A masterclass in trolling

Elvis Chipezeze
Elvis Chipezeze (seated) was penalised by referee Abongile Tom when he failed to release the ball. (Lefty Shivambu/Gallo Images)

FROM THE STANDS

Rarely will you see frustration boil so viciously as it did at Orlando Stadium in Soweto on Tuesday night. The cause? A buffet of play-acting, time-wasting and scuppered opportunities.

The match between Pirates and Baroka was highly anticipated as an opportunity for the hosts to go level at the top of the table with Bidvest Wits. Three points would also bring revenge for the upset in the Telkom Knockout final back in December. A giddy mood spread through the stands as those prospects started to feel real when the whistle signalling kick-off approached.

But after it was blown it became clear the visitors had no intention of being participants in a special night for the fans. What they offered instead was a masterclass in football trolling.

Matome Mabeba’s sublime left-footed free kick did its job of quieting the crowd in the 13th minute. Its surprise brilliance was a shot to the jaw and left the onlookers stunned and unaware of the appropriate response.

The vuvuzelas turned up again, but they soon took on an annoyed hiss when Wedson Nyirenda’s men did everything they could think of to smother momentum. The end of the first half even saw Elvis Chipezeze penalised for not releasing the ball within six seconds — a true rarity in modern football.

But all that was only a teaser for the second half.

Bakgaga grabbed the ball at every breakdown. They dropped at every touch. Howls after tame tackles repeatedly echoed around the ground.
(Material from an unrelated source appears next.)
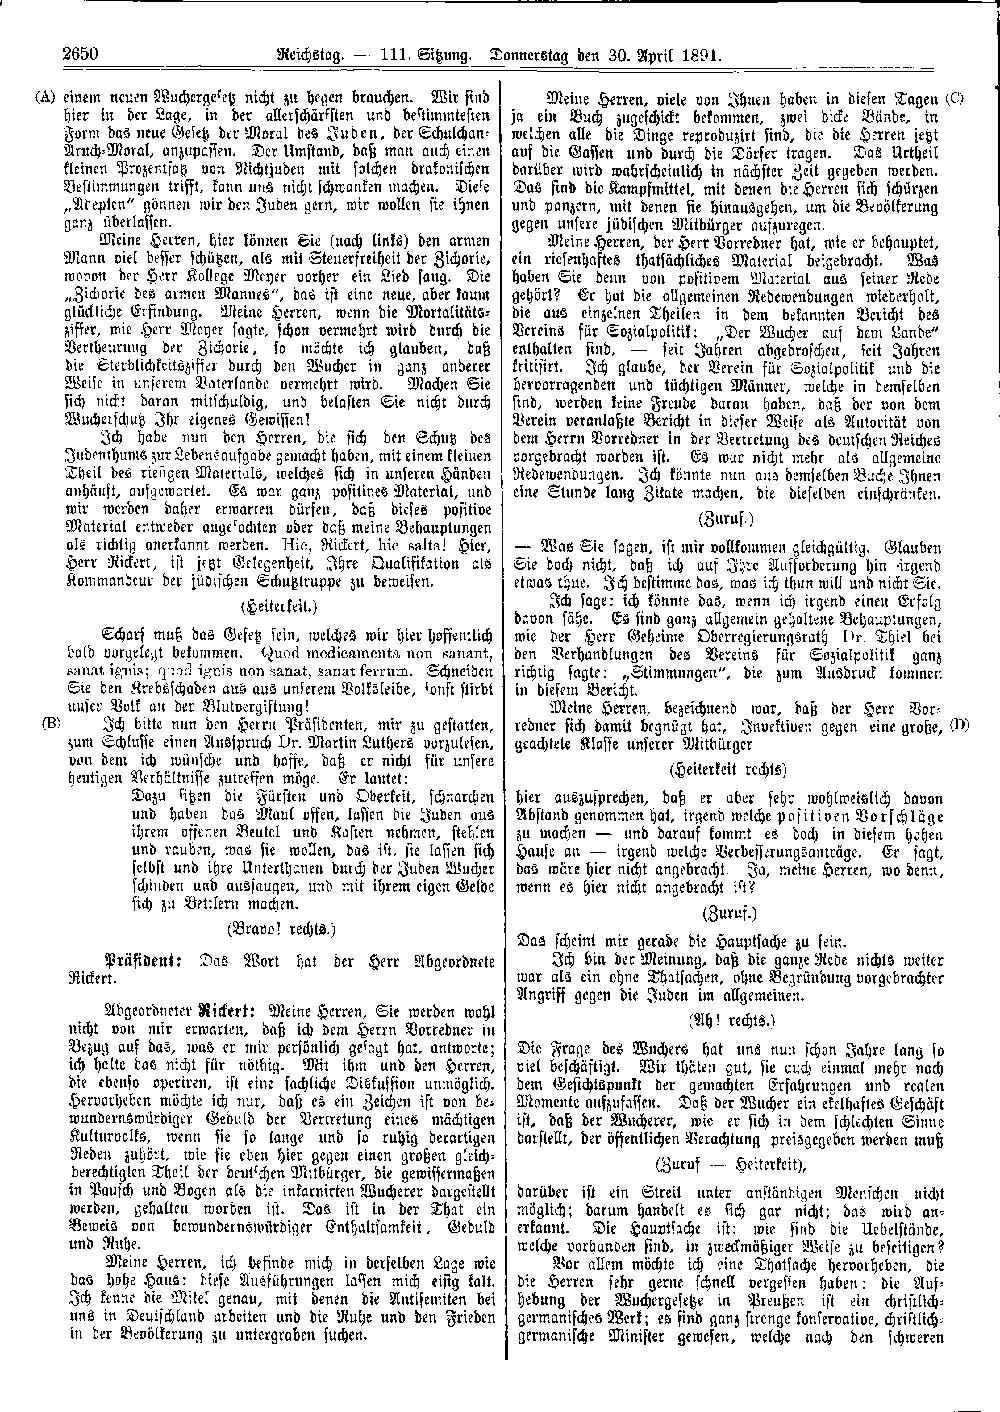 Scan of page 2650

Chipezeze would play his part again when he collected an innocuous cross and fell to the ground after being shot by an imaginary assassin on the stadium’s roof.

In all seriousness, this game may have broken the Premier Soccer League record for the number of times a stretcher was called on to the pitch in a 90-minute period. It’s the type of fact only veteran commentator Mark Gleeson would be able to confirm, but suffice to say that spectators’ understanding of what it is to milk an injury was thoroughly challenged in this game.
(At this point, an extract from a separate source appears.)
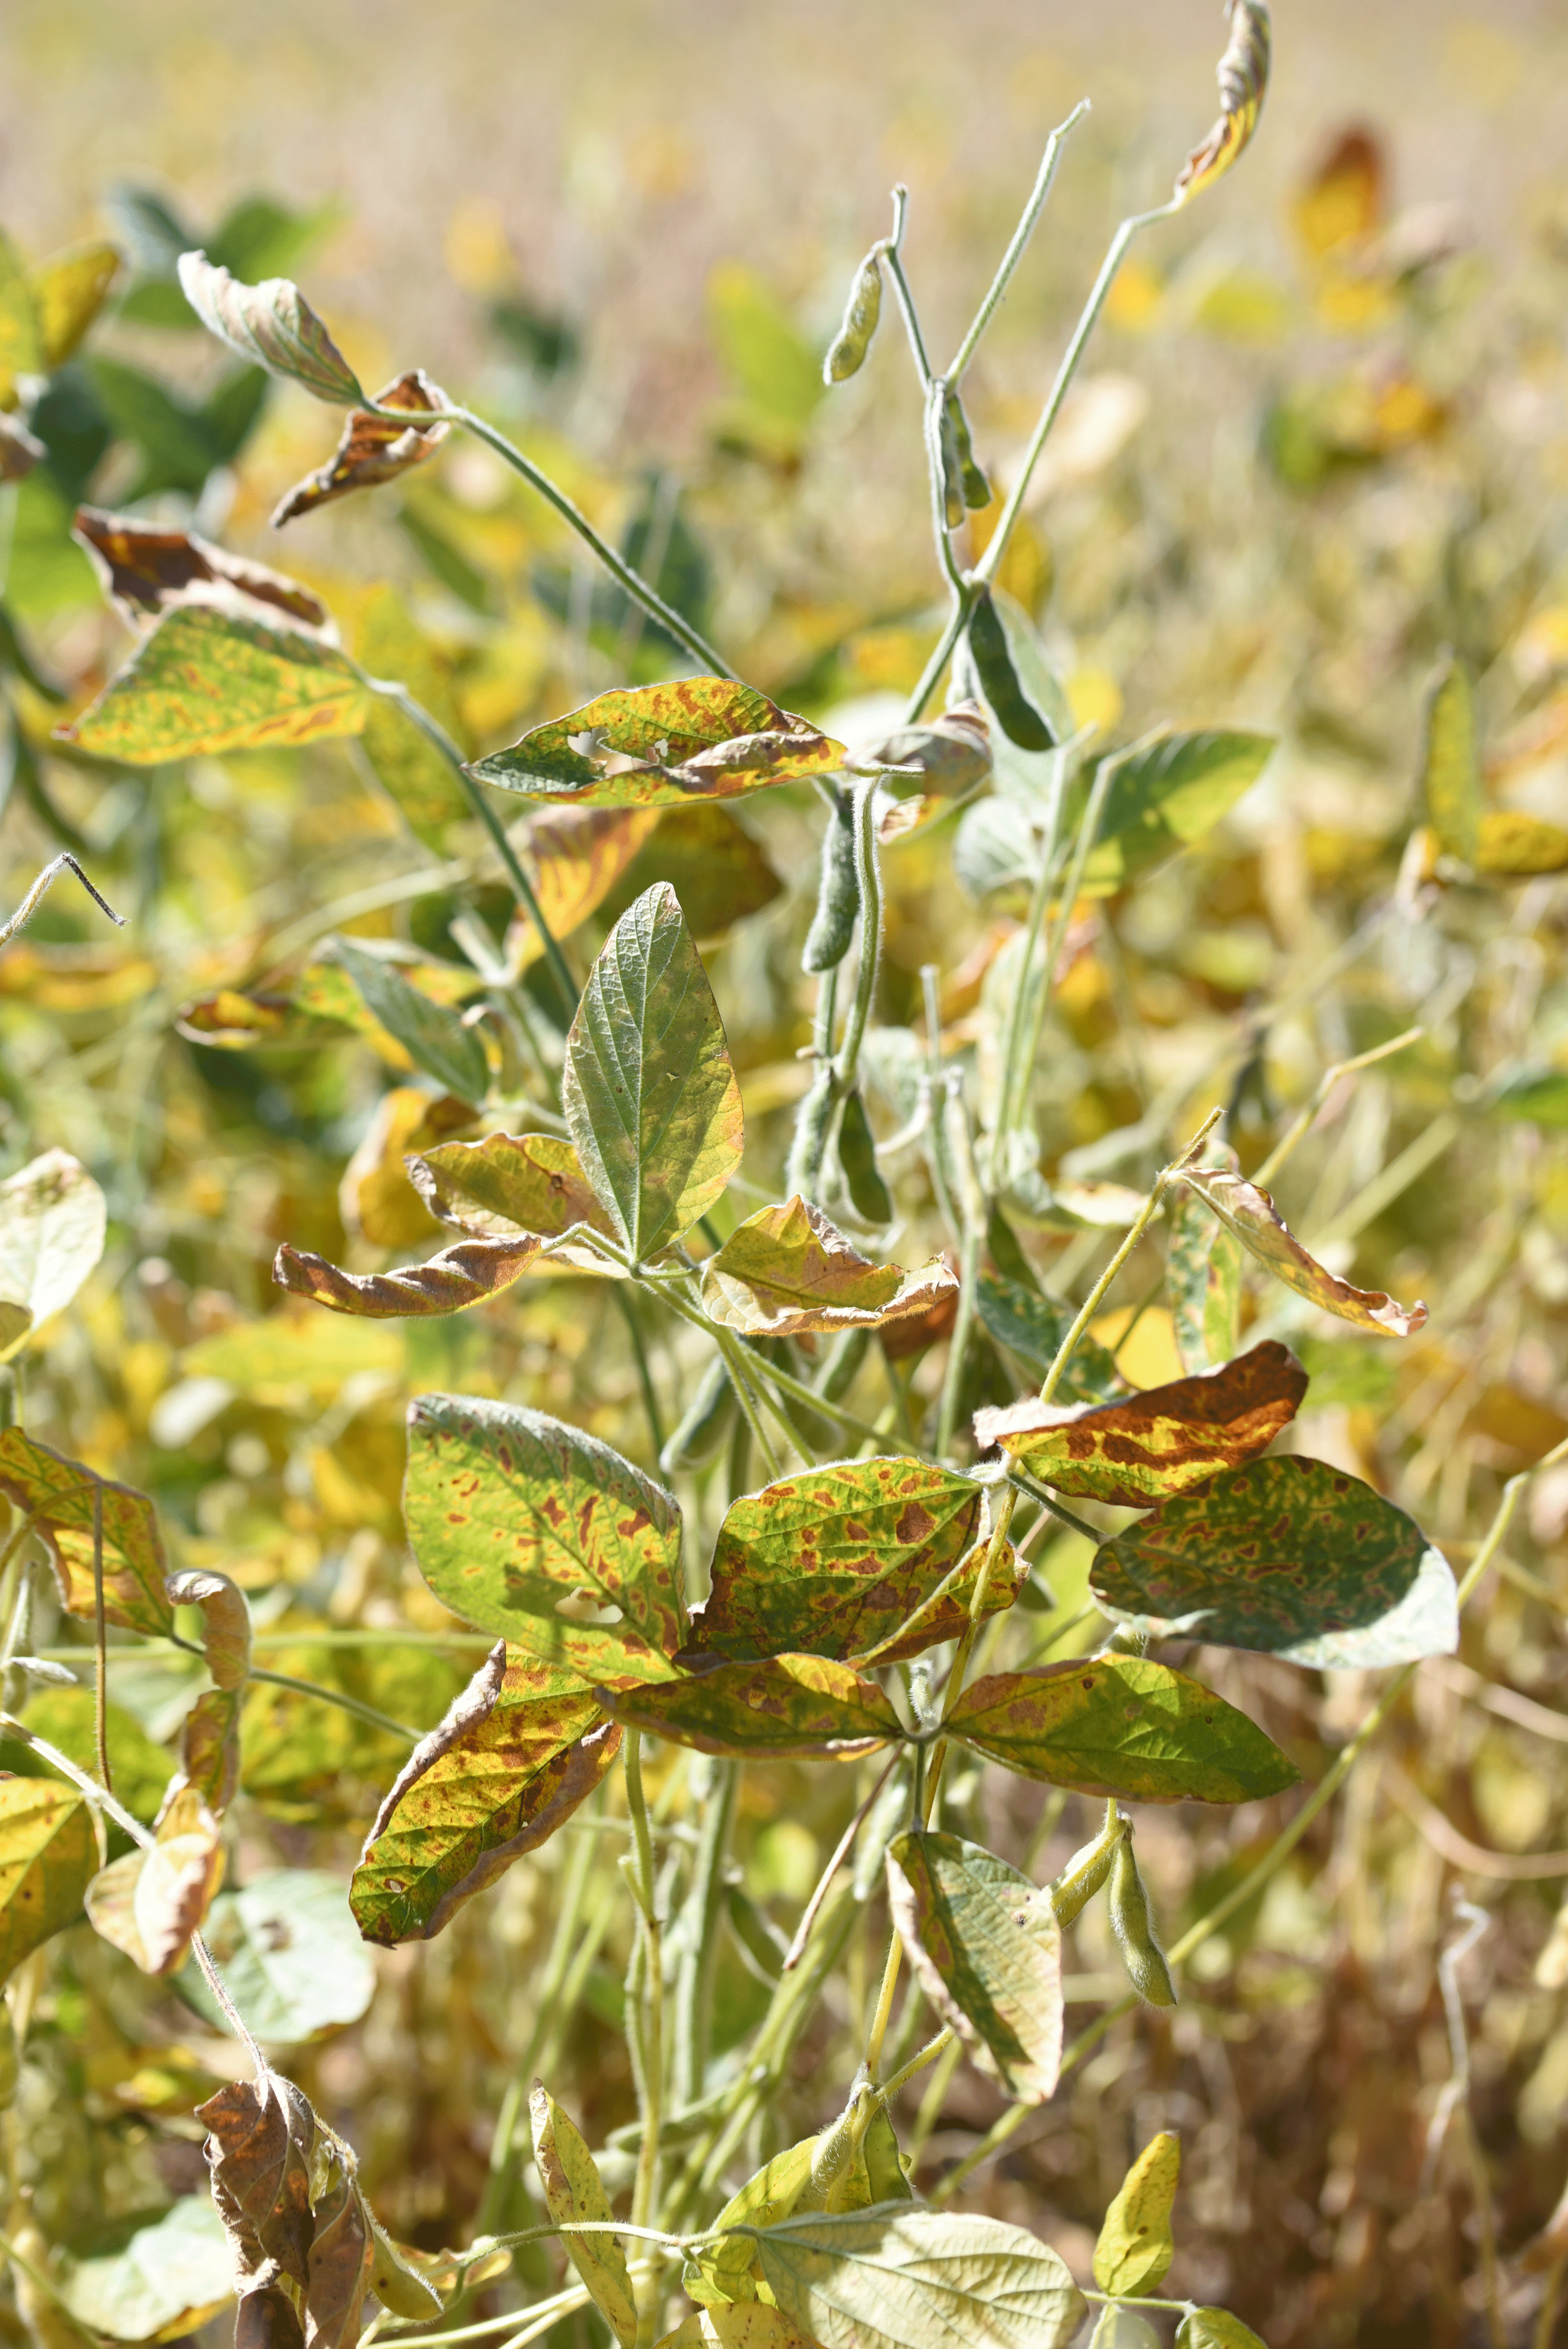 A soybean plant with some leaves with extensive yellow and brown spots and others that are completely brown and curled up.

Now, there are two ways of looking at it. Either Baroka are dirty cheats, or they’re admirable strugglers willing to dedicate every second to fighting for the points. Whatever your perspective, they got their vital draw that lifts them out of the relegation zone.

Vincent Pule’s leap after 80 minutes to deny them all three of those points was greeted with the most satisfying of eruptions. The release of that pent-up frustration was easy to get swept away in, even for the neutral.

The bliss would be short-lived, because the final whistle brought the realisation that this was an opportunity squandered. It’s no death knell, but Milutin Sredojevic would no doubt have relished the psychological benefit of looking down at everyone from the peak.

He irritably patrolled his technical area as his Buccaneers routinely failed to breach the Baroka box. Every now and then he would sit down and tag in Rulani Mokwena, who took his turn to bark at the team’s blunt prodding of the defence. Soon both had had enough and sat firmly next to Fadlu Davids — all three staring into oblivion, not knowing what more they could offer.

Three acclaimed footballing minds — and yet their charges’ inability to play the simple ball cost them greatly. On countless occasions, space was keenly created in the box before it was thrown away with an extra touch or refusal to play the easy ball. At first the added shimmies wooed Orlando fans, but even the Ghost have a limit on how much showboating they can tolerate.

This was a night that called for a rudimentary, hard-fought grind.

It’s games like this that would-be champions need to win, an occasion that we can potentially look back on in March as the reason Sundowns won the league so comfortably.

And so, as a bird fluttered above the floodlights and dropped a moth while everyone headed for the exits, so too did Pirates fail to make a lesser team their prey.